─── The data ───
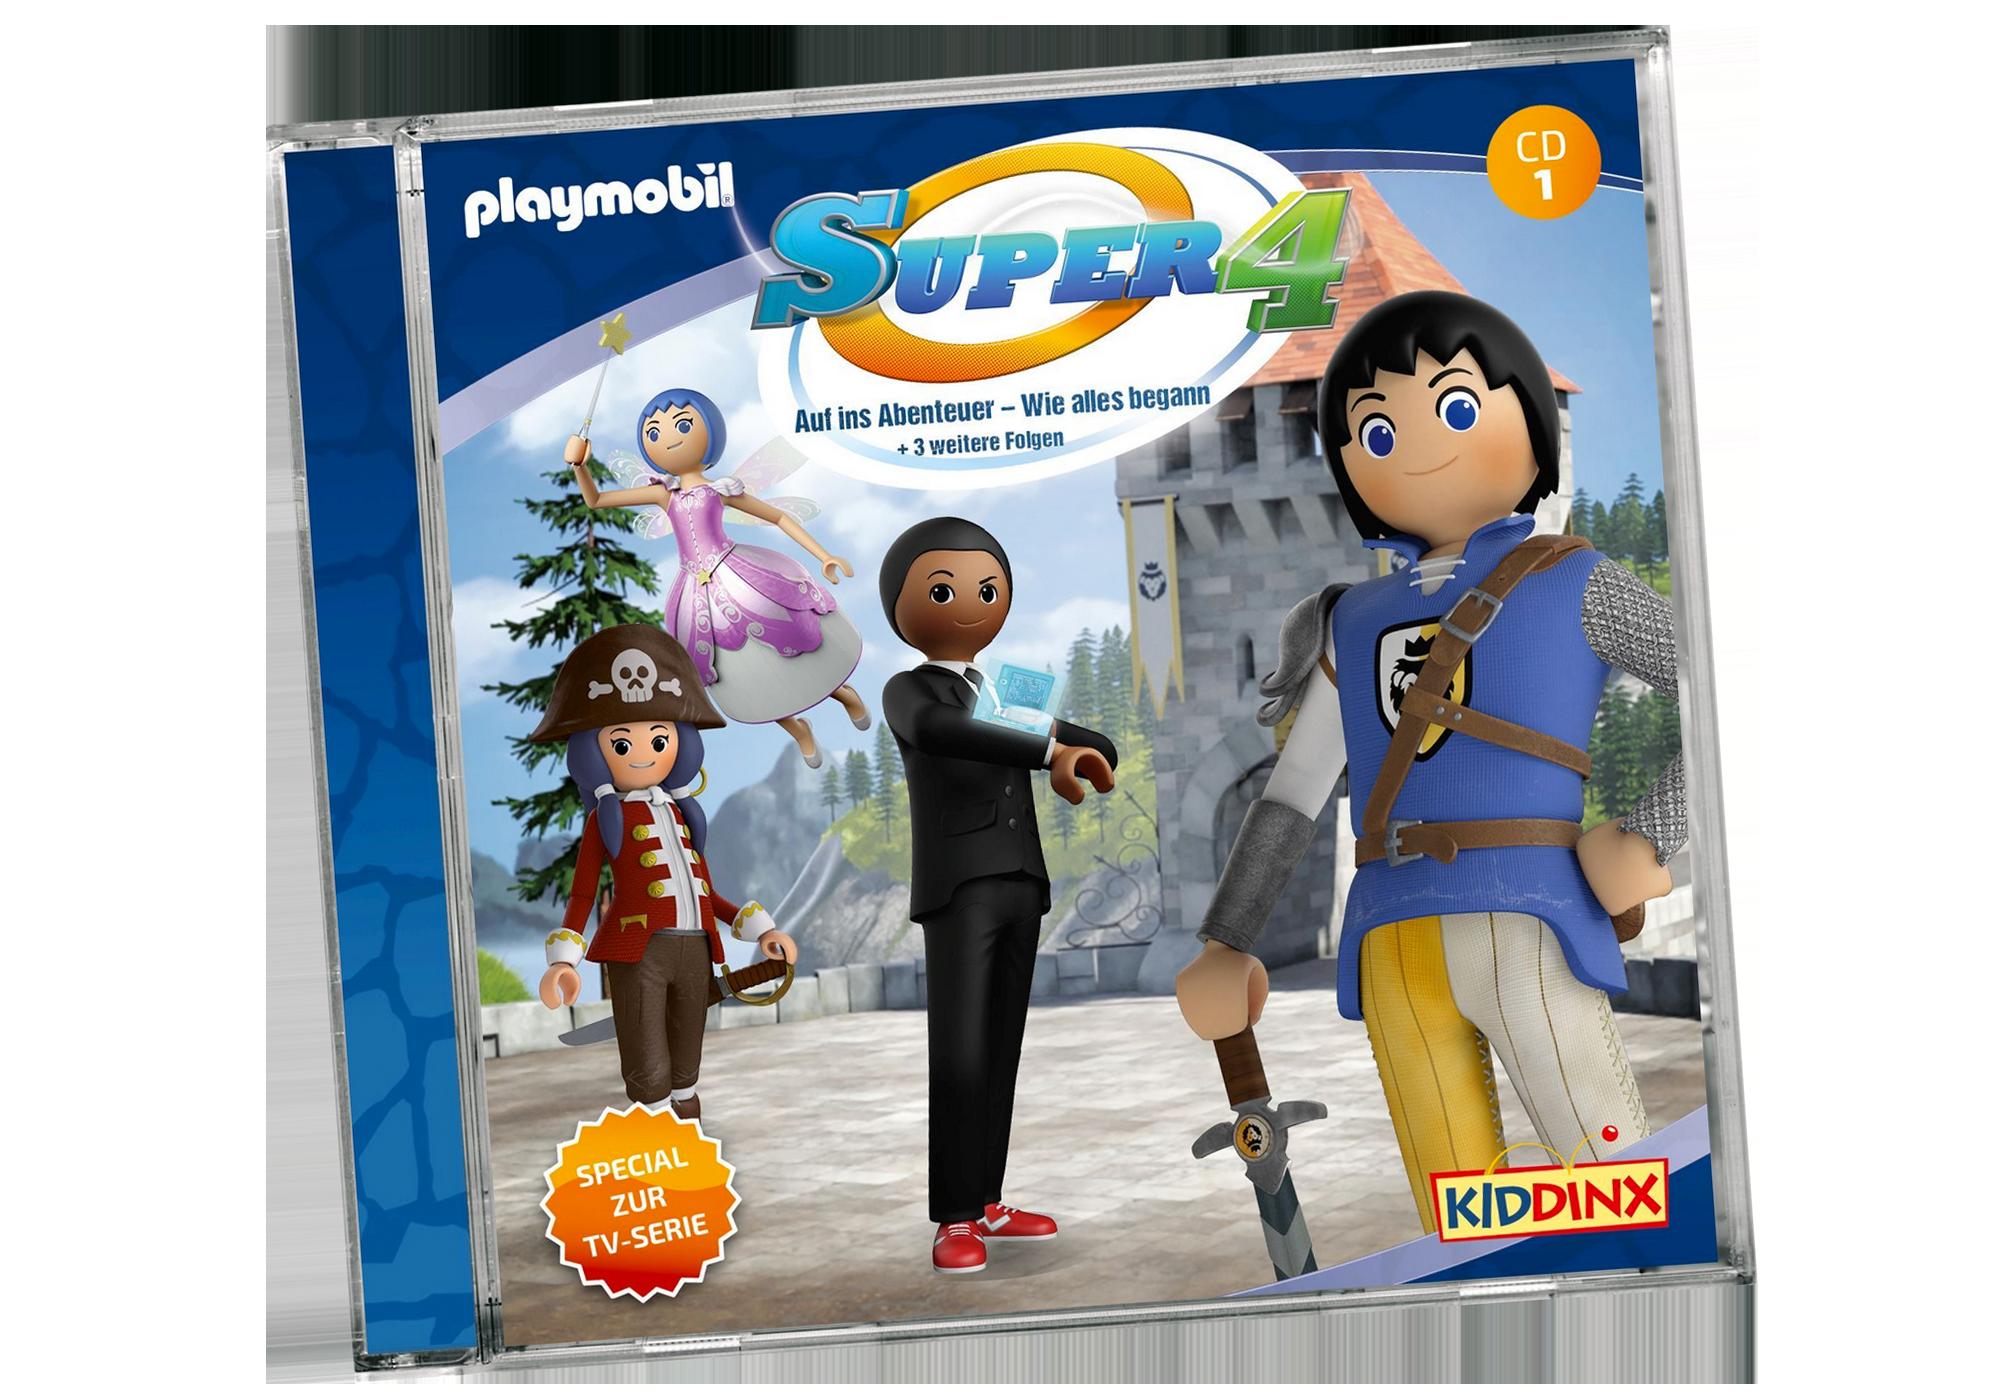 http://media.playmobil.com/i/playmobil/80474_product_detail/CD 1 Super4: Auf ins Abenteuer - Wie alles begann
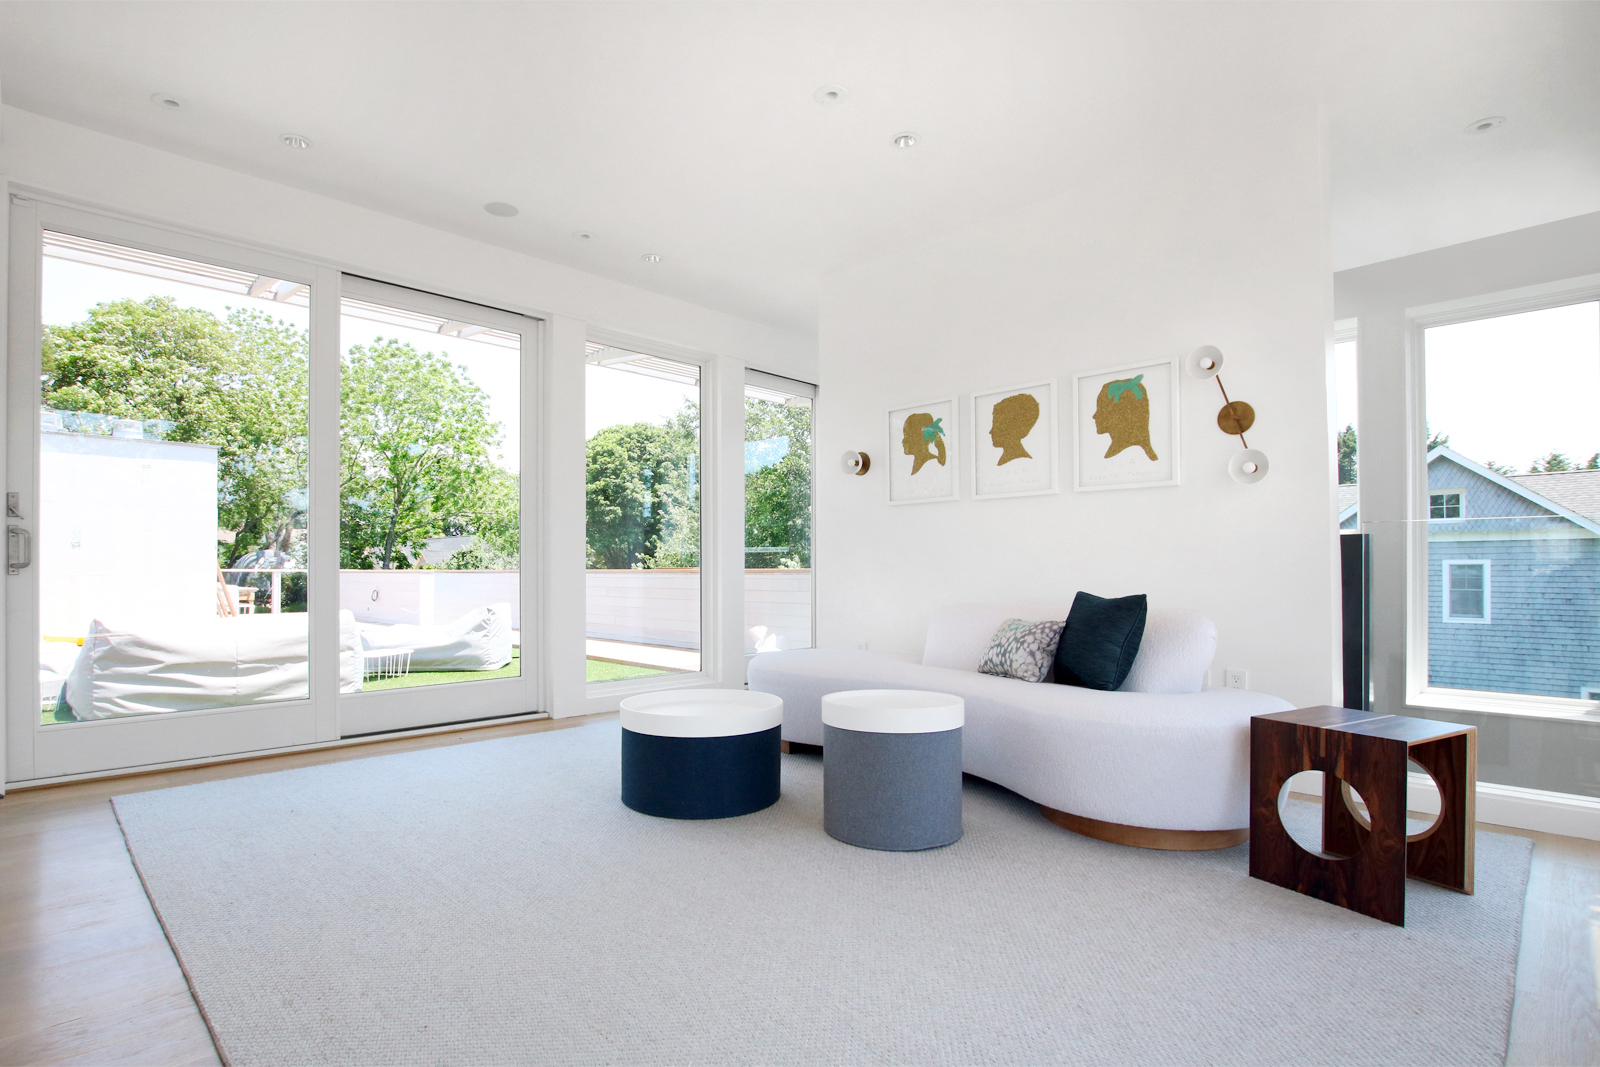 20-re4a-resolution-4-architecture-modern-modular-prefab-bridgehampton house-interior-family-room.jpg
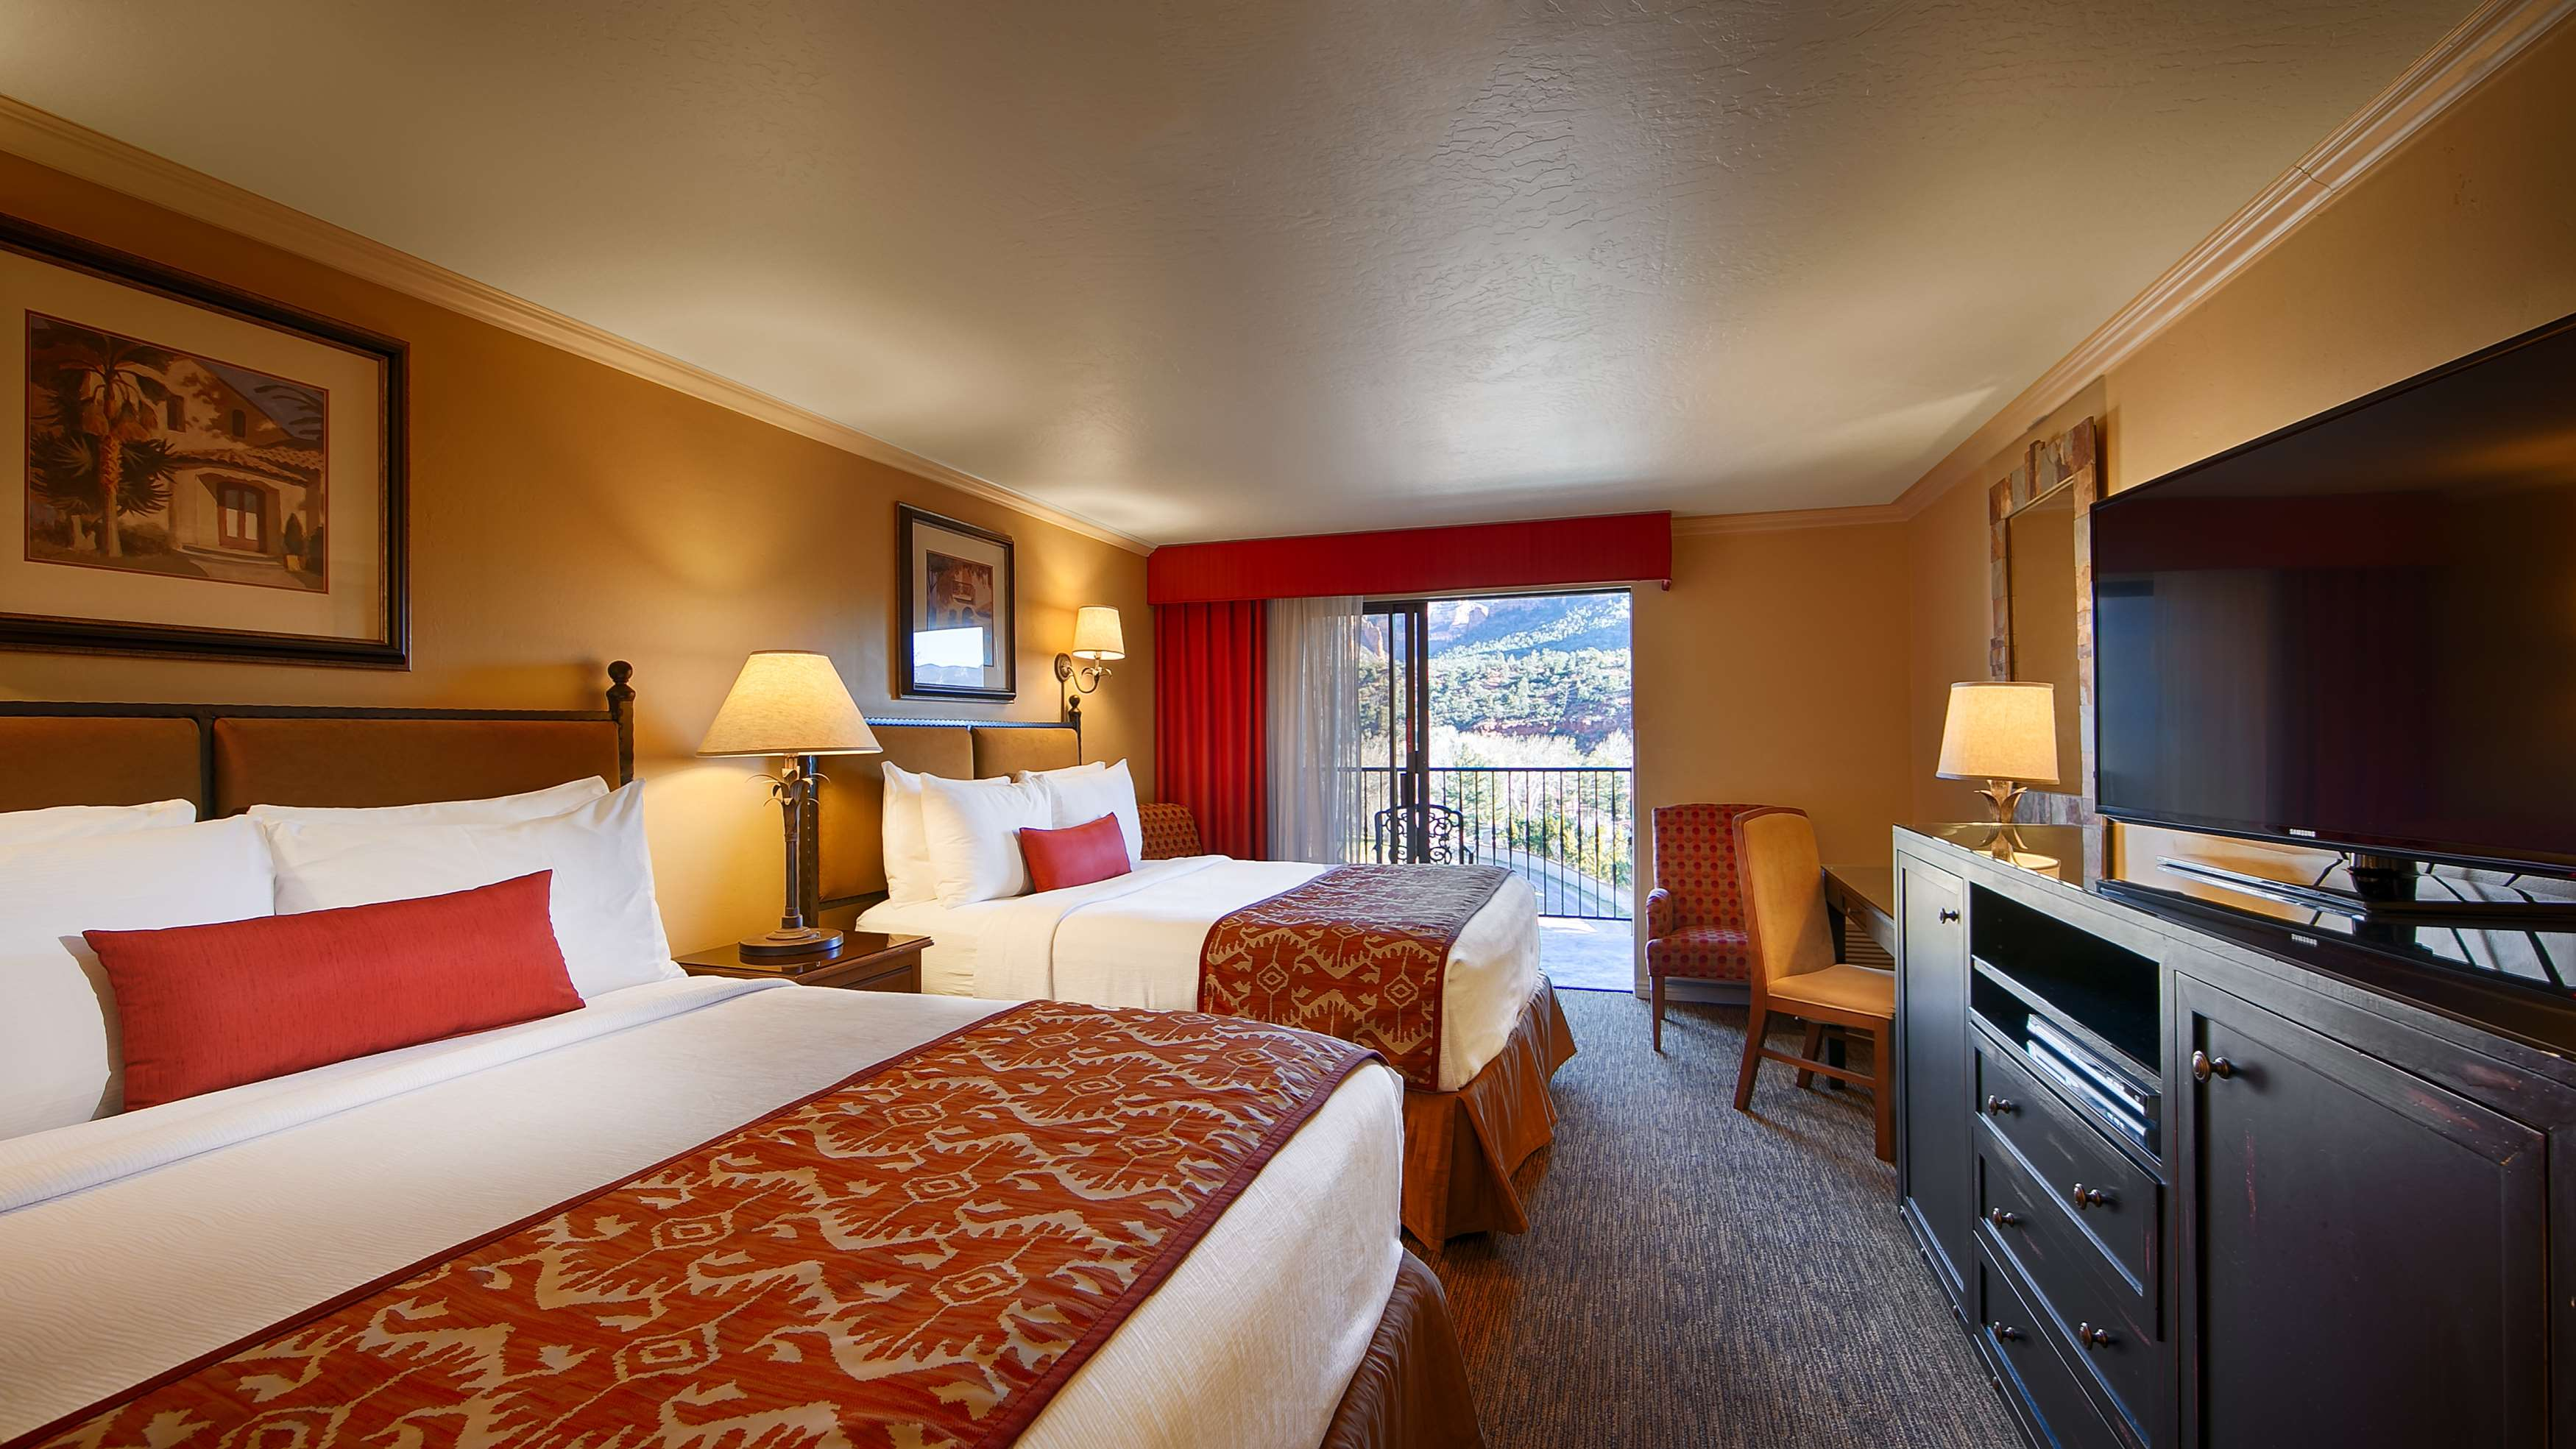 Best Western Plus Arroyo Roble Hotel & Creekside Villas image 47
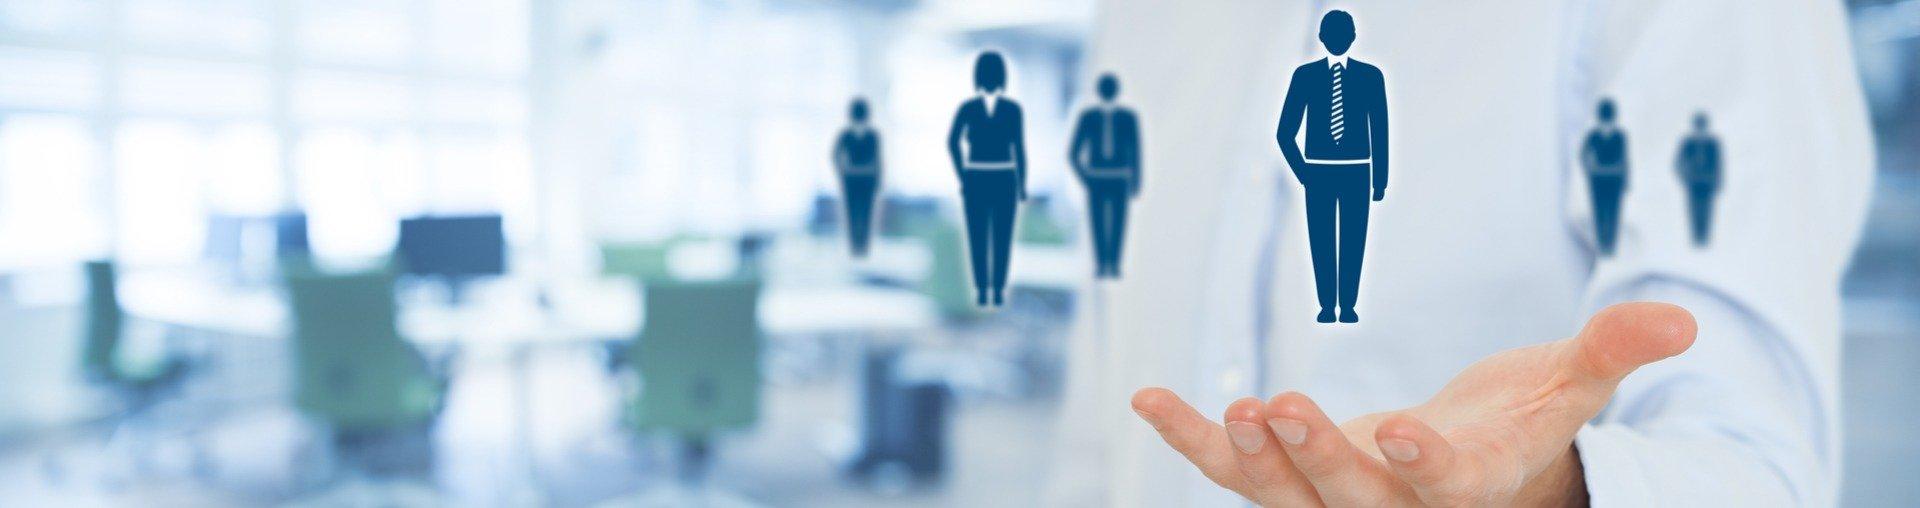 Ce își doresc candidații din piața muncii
───
What is being asked
The material above must be set down word for word, with no picture carried over.

Exercise solution
 http://media.playmobil.com/i/playmobil/80474_product_detail/CD 1 Super4: Auf ins Abenteuer - Wie alles begann
 20-re4a-resolution-4-architecture-modern-modular-prefab-bridgehampton house-interior-family-room.jpg
 Best Western Plus Arroyo Roble Hotel & Creekside Villas image 47
 Ce își doresc candidații din piața muncii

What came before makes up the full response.